* TASK REQUIREMENTS *
Give every line of the listing word for word, beginning at the first and including the line with "Knee-high grey women's" as the last.

___

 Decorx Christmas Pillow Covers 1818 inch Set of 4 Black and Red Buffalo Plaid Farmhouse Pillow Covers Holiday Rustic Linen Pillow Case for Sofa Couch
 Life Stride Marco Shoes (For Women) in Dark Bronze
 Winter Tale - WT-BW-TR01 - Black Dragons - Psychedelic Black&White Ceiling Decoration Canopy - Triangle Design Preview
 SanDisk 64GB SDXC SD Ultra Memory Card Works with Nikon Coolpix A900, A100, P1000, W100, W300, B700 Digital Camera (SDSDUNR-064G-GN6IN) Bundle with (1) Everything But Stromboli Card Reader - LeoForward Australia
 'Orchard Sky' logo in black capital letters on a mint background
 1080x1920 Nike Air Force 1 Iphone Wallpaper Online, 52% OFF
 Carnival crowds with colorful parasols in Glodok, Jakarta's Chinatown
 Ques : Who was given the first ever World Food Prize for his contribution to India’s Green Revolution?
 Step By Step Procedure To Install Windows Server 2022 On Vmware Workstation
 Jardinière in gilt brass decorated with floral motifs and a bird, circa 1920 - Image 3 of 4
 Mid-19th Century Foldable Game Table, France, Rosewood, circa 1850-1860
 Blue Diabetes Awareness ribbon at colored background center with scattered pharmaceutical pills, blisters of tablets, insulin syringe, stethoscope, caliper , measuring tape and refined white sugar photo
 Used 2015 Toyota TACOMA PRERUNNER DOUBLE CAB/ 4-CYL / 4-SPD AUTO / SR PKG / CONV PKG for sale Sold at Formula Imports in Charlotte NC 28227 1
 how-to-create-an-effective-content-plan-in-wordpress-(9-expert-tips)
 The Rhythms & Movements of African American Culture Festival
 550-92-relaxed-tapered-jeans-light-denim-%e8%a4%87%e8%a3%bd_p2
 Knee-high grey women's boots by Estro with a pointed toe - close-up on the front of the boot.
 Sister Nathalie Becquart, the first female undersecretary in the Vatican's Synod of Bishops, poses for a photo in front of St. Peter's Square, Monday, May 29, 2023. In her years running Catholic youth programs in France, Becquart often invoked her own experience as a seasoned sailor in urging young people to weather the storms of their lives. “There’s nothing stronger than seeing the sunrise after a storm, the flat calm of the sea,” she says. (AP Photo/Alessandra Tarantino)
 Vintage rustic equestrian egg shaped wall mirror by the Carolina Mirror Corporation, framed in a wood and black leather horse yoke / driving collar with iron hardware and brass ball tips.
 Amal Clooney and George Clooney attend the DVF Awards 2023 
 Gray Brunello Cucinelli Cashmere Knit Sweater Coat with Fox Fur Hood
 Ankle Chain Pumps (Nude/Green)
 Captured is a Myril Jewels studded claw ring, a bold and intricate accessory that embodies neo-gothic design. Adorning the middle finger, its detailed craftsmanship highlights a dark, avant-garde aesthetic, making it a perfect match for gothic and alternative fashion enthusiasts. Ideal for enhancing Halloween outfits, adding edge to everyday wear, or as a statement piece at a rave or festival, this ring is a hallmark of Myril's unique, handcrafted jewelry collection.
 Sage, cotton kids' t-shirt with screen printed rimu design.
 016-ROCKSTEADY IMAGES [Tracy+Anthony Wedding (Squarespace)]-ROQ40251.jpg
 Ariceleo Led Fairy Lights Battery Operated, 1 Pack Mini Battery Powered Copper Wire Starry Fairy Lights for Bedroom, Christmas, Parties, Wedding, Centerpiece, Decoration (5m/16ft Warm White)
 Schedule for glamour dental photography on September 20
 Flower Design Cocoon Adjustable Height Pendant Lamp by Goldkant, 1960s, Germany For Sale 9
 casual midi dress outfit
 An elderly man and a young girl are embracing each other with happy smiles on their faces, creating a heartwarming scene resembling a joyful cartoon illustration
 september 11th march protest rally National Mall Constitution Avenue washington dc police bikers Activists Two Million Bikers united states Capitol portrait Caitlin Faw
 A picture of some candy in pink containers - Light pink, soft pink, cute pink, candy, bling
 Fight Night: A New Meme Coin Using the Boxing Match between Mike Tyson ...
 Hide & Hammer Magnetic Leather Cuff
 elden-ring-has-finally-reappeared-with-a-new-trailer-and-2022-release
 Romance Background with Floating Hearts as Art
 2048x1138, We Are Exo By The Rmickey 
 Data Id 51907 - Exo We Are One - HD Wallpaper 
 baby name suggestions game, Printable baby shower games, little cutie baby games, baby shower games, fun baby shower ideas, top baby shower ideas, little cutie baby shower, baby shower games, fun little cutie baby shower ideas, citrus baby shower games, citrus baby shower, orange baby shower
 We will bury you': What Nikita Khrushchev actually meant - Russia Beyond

___

* RESPONSE AREA *
 Decorx Christmas Pillow Covers 1818 inch Set of 4 Black and Red Buffalo Plaid Farmhouse Pillow Covers Holiday Rustic Linen Pillow Case for Sofa Couch
 Life Stride Marco Shoes (For Women) in Dark Bronze
 Winter Tale - WT-BW-TR01 - Black Dragons - Psychedelic Black&White Ceiling Decoration Canopy - Triangle Design Preview
 SanDisk 64GB SDXC SD Ultra Memory Card Works with Nikon Coolpix A900, A100, P1000, W100, W300, B700 Digital Camera (SDSDUNR-064G-GN6IN) Bundle with (1) Everything But Stromboli Card Reader - LeoForward Australia
 'Orchard Sky' logo in black capital letters on a mint background
 1080x1920 Nike Air Force 1 Iphone Wallpaper Online, 52% OFF
 Carnival crowds with colorful parasols in Glodok, Jakarta's Chinatown
 Ques : Who was given the first ever World Food Prize for his contribution to India’s Green Revolution?
 Step By Step Procedure To Install Windows Server 2022 On Vmware Workstation
 Jardinière in gilt brass decorated with floral motifs and a bird, circa 1920 - Image 3 of 4
 Mid-19th Century Foldable Game Table, France, Rosewood, circa 1850-1860
 Blue Diabetes Awareness ribbon at colored background center with scattered pharmaceutical pills, blisters of tablets, insulin syringe, stethoscope, caliper , measuring tape and refined white sugar photo
 Used 2015 Toyota TACOMA PRERUNNER DOUBLE CAB/ 4-CYL / 4-SPD AUTO / SR PKG / CONV PKG for sale Sold at Formula Imports in Charlotte NC 28227 1
 how-to-create-an-effective-content-plan-in-wordpress-(9-expert-tips)
 The Rhythms & Movements of African American Culture Festival
 550-92-relaxed-tapered-jeans-light-denim-%e8%a4%87%e8%a3%bd_p2
 Knee-high grey women's boots by Estro with a pointed toe - close-up on the front of the boot.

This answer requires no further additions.